Léon Bloy, la grâce et la fureur
Léon Bloy en 1895. Photo: Selva/Leemage

A l’occasion du centenaire de la mort de Léon Bloy, la collection « Bouquins » a réuni en un seul volume ses Essais et Pamphlets. On y trouvera mille preuves que cet imprécateur catholique antimoderne est avant tout un très grand écrivain.

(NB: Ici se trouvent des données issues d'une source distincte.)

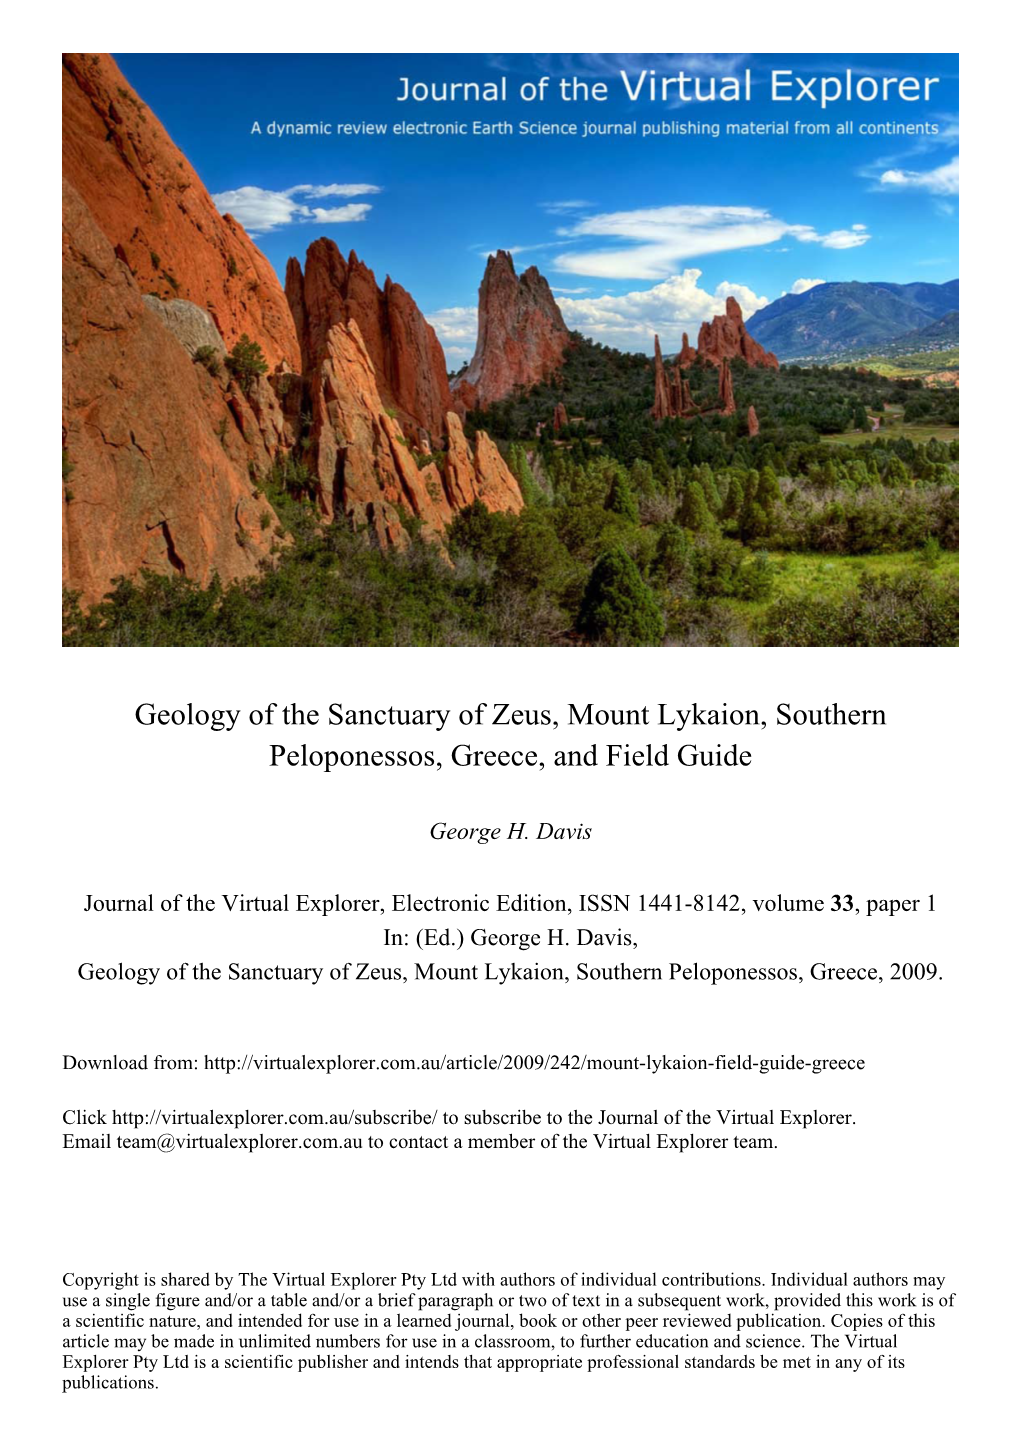 Geology of the Sanctuary of Zeus, Mount Lykaion, Southern Peloponessos, Greece, and Field Guide

Léon Bloy nous manque. Comme nous manquent Barbey d’Aurevilly, Bernanos ou Pasolini. Imprécateurs désespérés, marathoniens de la colère, révoltés antimodernes, tous se sont tus, apparemment une fois pour toutes. Aucune voix, désormais, pour troubler le consensus et nous réveiller d’un totalitarisme doux – et choisi – qui nous conduit à nous extasier sur les nouvelles technologies, les trains à grande vitesse, les algorithmes du trading à haute fréquence, la vie virtuelle comme substitut de la vraie vie pendant que sur terre, l’horreur réelle est quotidienne. Celle, banale dans nos contrées développées, d’une existence aliénée, « séparée » aurait dit Guy Debord. Celle, aussi, de la violence planétaire qui frappe partout, toujours et encore, les plus pauvres.

Les pauvres… Le mot a quelque chose de démodé, n’est-ce pas ? De démodé et de brutal à la fois : dans les discours politiques, même de gauche, comme dans la néo-langue sociologique ou technocratique, on préfère le substantif, plus impersonnel, de « pauvreté ». Les pauvres, eux, sont au cœur de l’œuvre de Léon Bloy et le mot, chez lui, est aussi fréquent que les offenses qui leur sont faites. Nous oublions les pauvres, nous dit Bloy, preuve que nous avons oublié Dieu et construit l’enfer sur terre avant de le connaître dans l’au-delà.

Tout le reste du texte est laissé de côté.